[DATA RECORDS]

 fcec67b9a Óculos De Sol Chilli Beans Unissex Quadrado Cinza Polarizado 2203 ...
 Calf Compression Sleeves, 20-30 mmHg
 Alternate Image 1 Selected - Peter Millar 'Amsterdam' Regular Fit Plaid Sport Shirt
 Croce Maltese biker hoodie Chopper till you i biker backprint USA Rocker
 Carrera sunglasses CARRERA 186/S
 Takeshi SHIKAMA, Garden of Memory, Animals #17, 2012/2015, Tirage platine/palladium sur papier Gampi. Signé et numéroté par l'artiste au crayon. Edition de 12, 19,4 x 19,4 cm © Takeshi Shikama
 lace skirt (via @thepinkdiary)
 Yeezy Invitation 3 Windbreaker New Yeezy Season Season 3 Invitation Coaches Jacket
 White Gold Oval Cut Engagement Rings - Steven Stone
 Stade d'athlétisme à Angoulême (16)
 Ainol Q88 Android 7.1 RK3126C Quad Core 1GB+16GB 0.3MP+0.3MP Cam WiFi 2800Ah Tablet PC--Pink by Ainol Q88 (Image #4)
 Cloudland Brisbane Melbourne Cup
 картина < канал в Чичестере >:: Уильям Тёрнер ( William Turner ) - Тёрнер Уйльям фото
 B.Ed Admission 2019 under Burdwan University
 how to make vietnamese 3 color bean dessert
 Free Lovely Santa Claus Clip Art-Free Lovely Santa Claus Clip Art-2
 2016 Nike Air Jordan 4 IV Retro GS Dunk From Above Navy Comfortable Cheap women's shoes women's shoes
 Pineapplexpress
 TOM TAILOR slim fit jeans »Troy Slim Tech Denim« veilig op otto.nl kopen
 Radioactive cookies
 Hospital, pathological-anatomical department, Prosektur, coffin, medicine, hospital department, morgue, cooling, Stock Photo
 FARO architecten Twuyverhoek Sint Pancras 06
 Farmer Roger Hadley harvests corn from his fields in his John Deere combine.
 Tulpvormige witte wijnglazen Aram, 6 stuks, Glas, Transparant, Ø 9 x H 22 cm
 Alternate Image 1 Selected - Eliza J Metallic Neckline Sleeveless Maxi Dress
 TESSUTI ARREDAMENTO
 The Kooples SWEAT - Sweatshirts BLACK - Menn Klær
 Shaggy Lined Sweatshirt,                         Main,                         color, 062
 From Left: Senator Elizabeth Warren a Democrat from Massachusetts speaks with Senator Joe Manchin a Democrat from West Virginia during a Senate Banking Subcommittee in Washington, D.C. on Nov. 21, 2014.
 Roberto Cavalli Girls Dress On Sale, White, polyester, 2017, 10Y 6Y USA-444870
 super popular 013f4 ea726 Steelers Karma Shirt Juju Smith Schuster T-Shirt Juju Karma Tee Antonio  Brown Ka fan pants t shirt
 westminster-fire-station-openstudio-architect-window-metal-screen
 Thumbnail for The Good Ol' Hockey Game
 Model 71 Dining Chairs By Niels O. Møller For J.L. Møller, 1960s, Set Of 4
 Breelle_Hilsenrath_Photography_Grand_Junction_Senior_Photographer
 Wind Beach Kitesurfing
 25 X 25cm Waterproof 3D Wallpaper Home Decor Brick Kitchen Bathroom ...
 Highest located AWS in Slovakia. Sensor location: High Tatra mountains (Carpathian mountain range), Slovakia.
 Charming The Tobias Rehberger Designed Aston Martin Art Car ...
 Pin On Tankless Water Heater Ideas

[WHAT THE TASK ASKS] Would you print exactly and only the lines of the material above that run from the line with "Croce Maltese biker" through the line with "lace skirt (via @thepinkdiary)", both included?

[REPLY]
 Croce Maltese biker hoodie Chopper till you i biker backprint USA Rocker
 Carrera sunglasses CARRERA 186/S
 Takeshi SHIKAMA, Garden of Memory, Animals #17, 2012/2015, Tirage platine/palladium sur papier Gampi. Signé et numéroté par l'artiste au crayon. Edition de 12, 19,4 x 19,4 cm © Takeshi Shikama
 lace skirt (via @thepinkdiary)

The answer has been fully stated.